Trick mode

Trick mode, sometimes called Trick play, is a feature of digital video systems including Digital Video Recorders and Video on Demand systems which mimics the visual feedback given during fast-forward and rewind operations that were provided by analogue systems such as VCRs by manipulating the video stream to include only a subset of frames.

Implementation Issues

With an analogue system the visual fast-forward/rewind effect was generated simply by transmitting the frames faster and/or in reverse; there was an inevitable loss of frame synchronization or 'tearing' but this was accepted as the norm. With a digital system it is unlikely the decoder can process the digital stream significantly faster than normal, and certainly not backwards. Hence only a subset of frames can be presented to the decoder.
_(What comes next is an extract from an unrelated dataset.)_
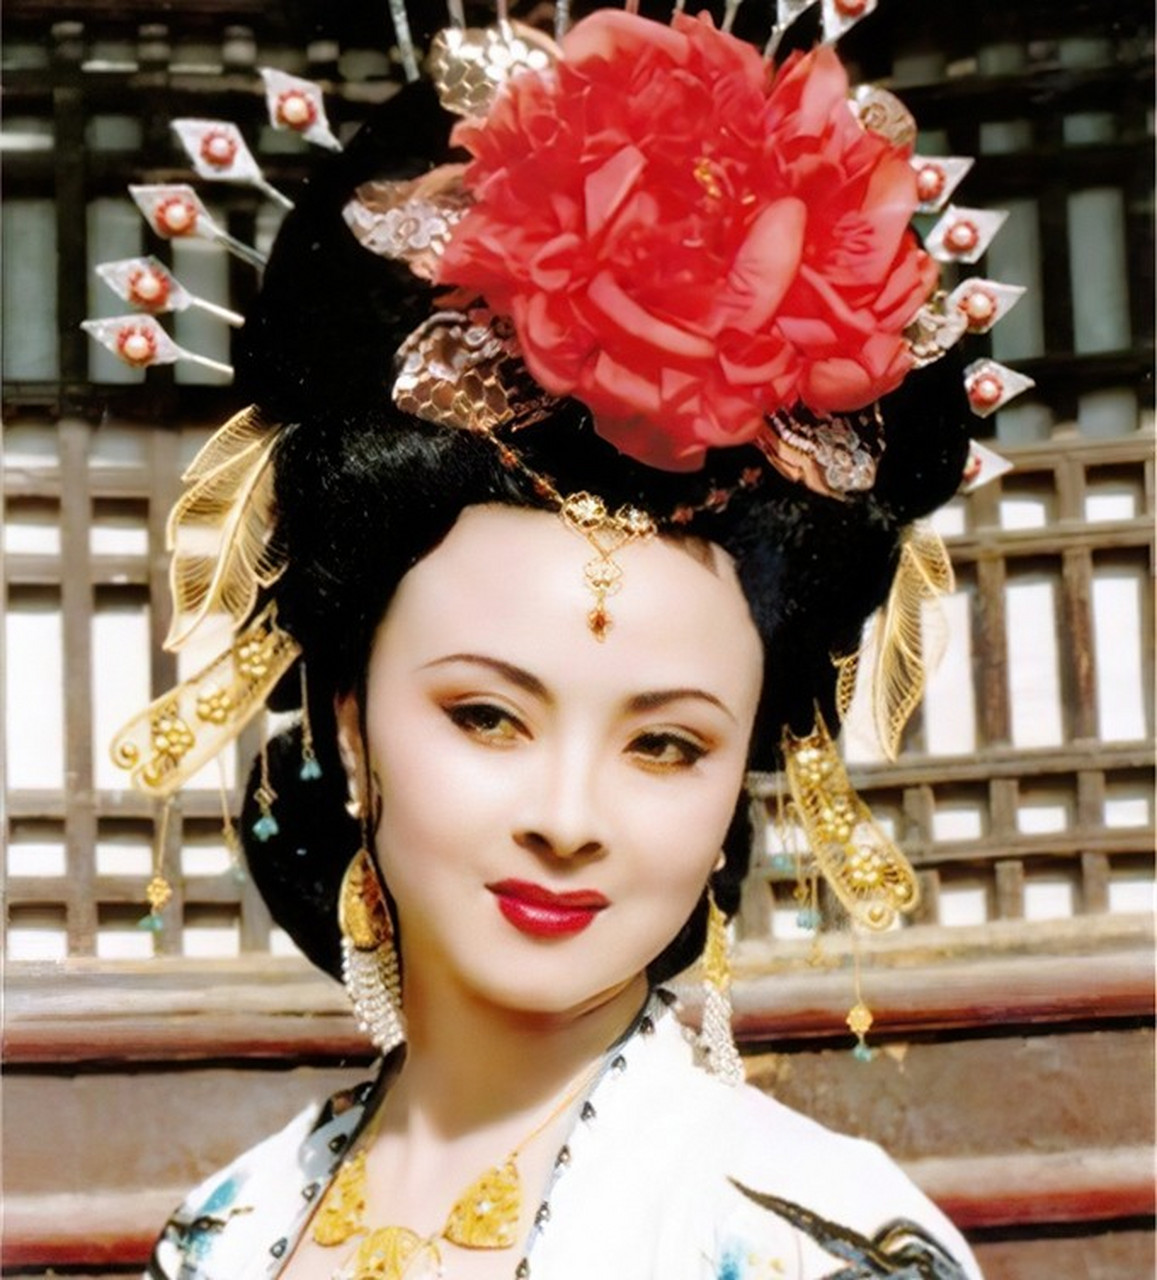 杨贵妃,大唐盛世的象征,是当时人们对自己美好青春的一个梦

This is made harder by the fact that in video compression systems such as MPEG-2 and H.264 many frames are dependent on previous frames for display, and hence cannot be decoded independently. Only certain "I" or "Intra" frames are independent. Hence a system offering trick mode has to select only those frames for display, which requires analysis of the digital stream either at the time of playback or in advance.

In a single-user disk-based system it is possible to scan the media file in real time to locate the independent frames, but in a network-based video-on-demand system the bandwidth allocated to the client is fixed, so the server has to use pre-generated 'hint' or 'index' information to locate suitable frames, and then play them out at the selected fast-forward or rewind speed within the original bandwidth envelope. Alternatively the server may pre-generate an entirely new video stream at at least one forward and backward speed and switch to it when requested.